Dan perjalanan bicara kami berlanjut hingga subuh.

It's such a funny thing

How nothing's funny when it's you

You tell 'em what you mean

But they keep whiting out the truth

*u*

Keesokan Harinya

Kafeteria

Jell-O kembali mendatangi rambutku. Untung saja tidak benar-benar kena.

"Maaf, Kelvin." Aku menurunkan nampan yang kupakai untuk menghalau serangan Jell-O itu.

"Kau berani denganku, ke-cil? Eh, bukan. Bun-tet?" ledek Joker.

Aku melemparkan sapu tangan yang tadi kupakai untuk mengelap tanganku. "Siapa takut?" tantangku balik.

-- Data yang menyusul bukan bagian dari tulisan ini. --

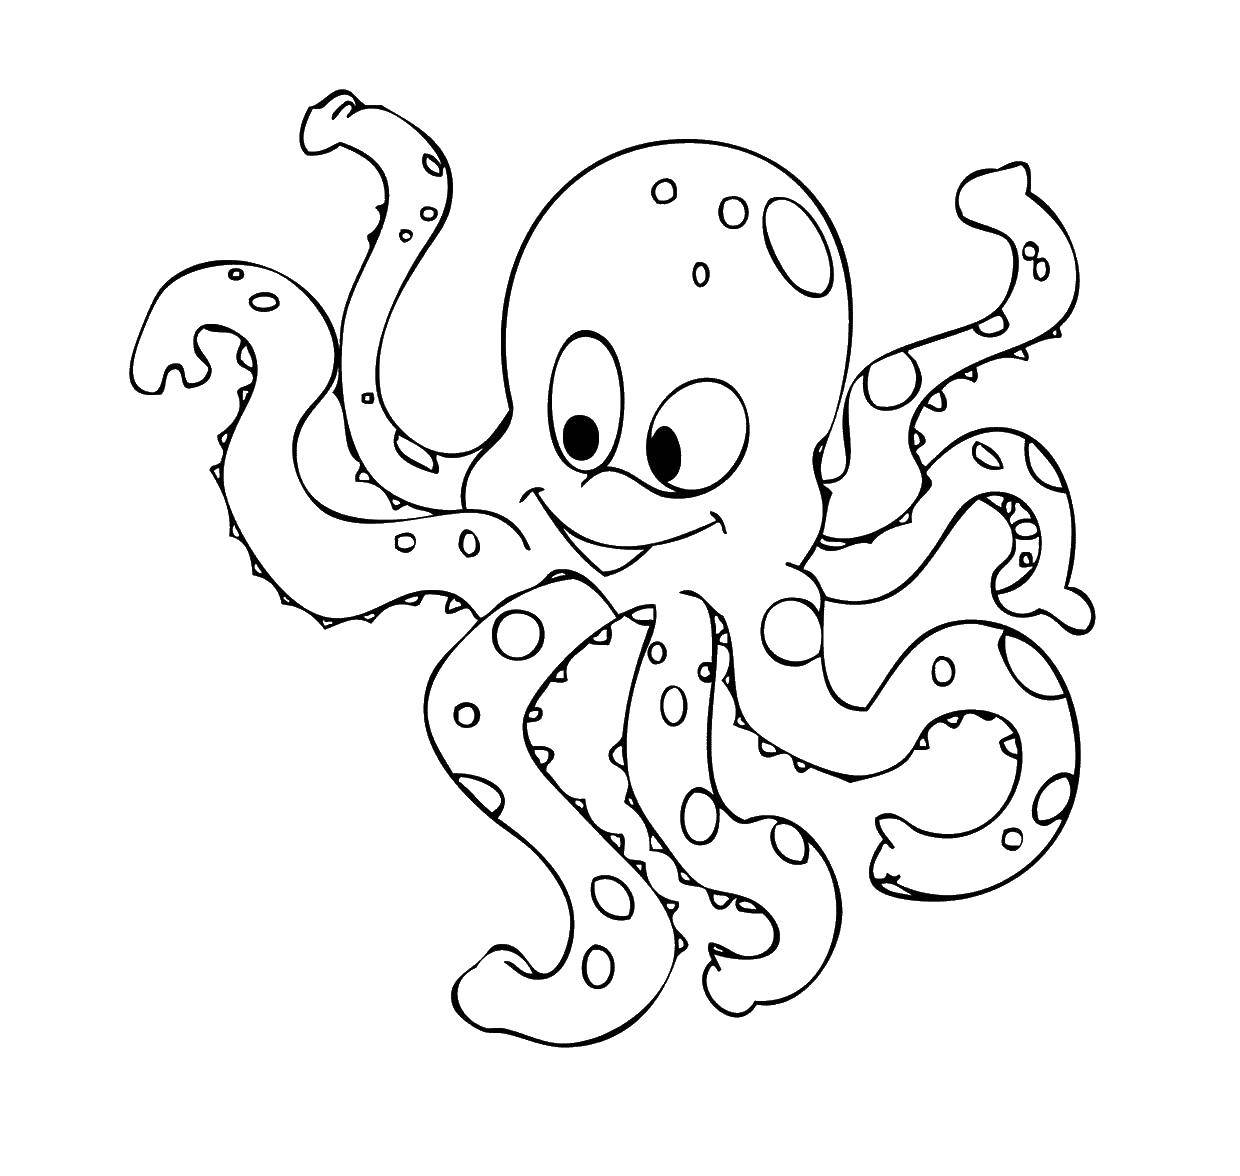 Coloring Octopus. Category fish. Tags:  Octopus.

"Vangsnesses, duduk saja kau. Dia tak cocok dengan orang Utara berpendidikan tinggi," kata Alexandria Victoria, pemain basket perempuan yang duduk di dekatku itu menarik tanganku.

"Oh, oh, jadi Vangsnesses kecil ini berpendidikan tinggi, ya? Memangnya asli darimana kau? Perancis?" tawanya. Ck, ternyata masih saja ada orang Inggris yang menganggap Perancis itu buruk*). Yah, penyamaranku memang buruk namanya. Perancis-Skandinavia. Sungguh paduan buruk.

It's like a work of art

That never gets to see the light

Keep you beneath the stars

Won't let you touch the sky

"Bukan, Skandinavia. Norwegia, jelek," tawaku, "tahukah kau? Aku punya teman di sana yang juga namanya Kelvin. Dia sepertimu. Siapa namanya? Hmm, Bad Kelvin?" ejekku. Semua yang ada di kafeteria tertawa bersamaku.

"Sayang, aku tak kenal orang Vangsnesses di Johannes ini. Tapi aku kenal satu, bernama Catfish Vangsnesses," tawanya.

"Ha-ha. Lucu sekali, tapi aku tak punya kumis, Bad-Kelvin!" ledekku. Joker geram dan meremas kerah seragamku. Ia menarik dasiku dengan tangan lainnya.

"Sekali lagi kau mengejekku, dasi ini akan membuatmu sesak nafas! Kujamin itu!" ancamnya.

"Uh, aku diberi ultimatum! Tapi tak apalah. Bukankah justru dasi ini," kupegang dasinya balik, "yang akan membuat Bad Kelvin meninggal kejang-kejang di kafeteria sore ini?" ancamku balik.

"Grr!" geramnya sambil membanting tubuhku ke sofa.

"Kamu tidak kenapa-napa?" tanya Victoria padaku.

"Aku tidak apa-apa. Terima kasih," jawabku sambil membenarkan dudukku seraya memakan anggur hijau di nampan makananku.

"Sadar fisik sama mental, dong, El. Badanmu kecil, sakit-sakitan pula dulu. Kalau melawan dia yang badannya sebesar apaan dari kamu, sama saja kayak kijang melawan singa. Dia diterkam duluan sebelum pasang kuda-kuda," bisik Elizabeth.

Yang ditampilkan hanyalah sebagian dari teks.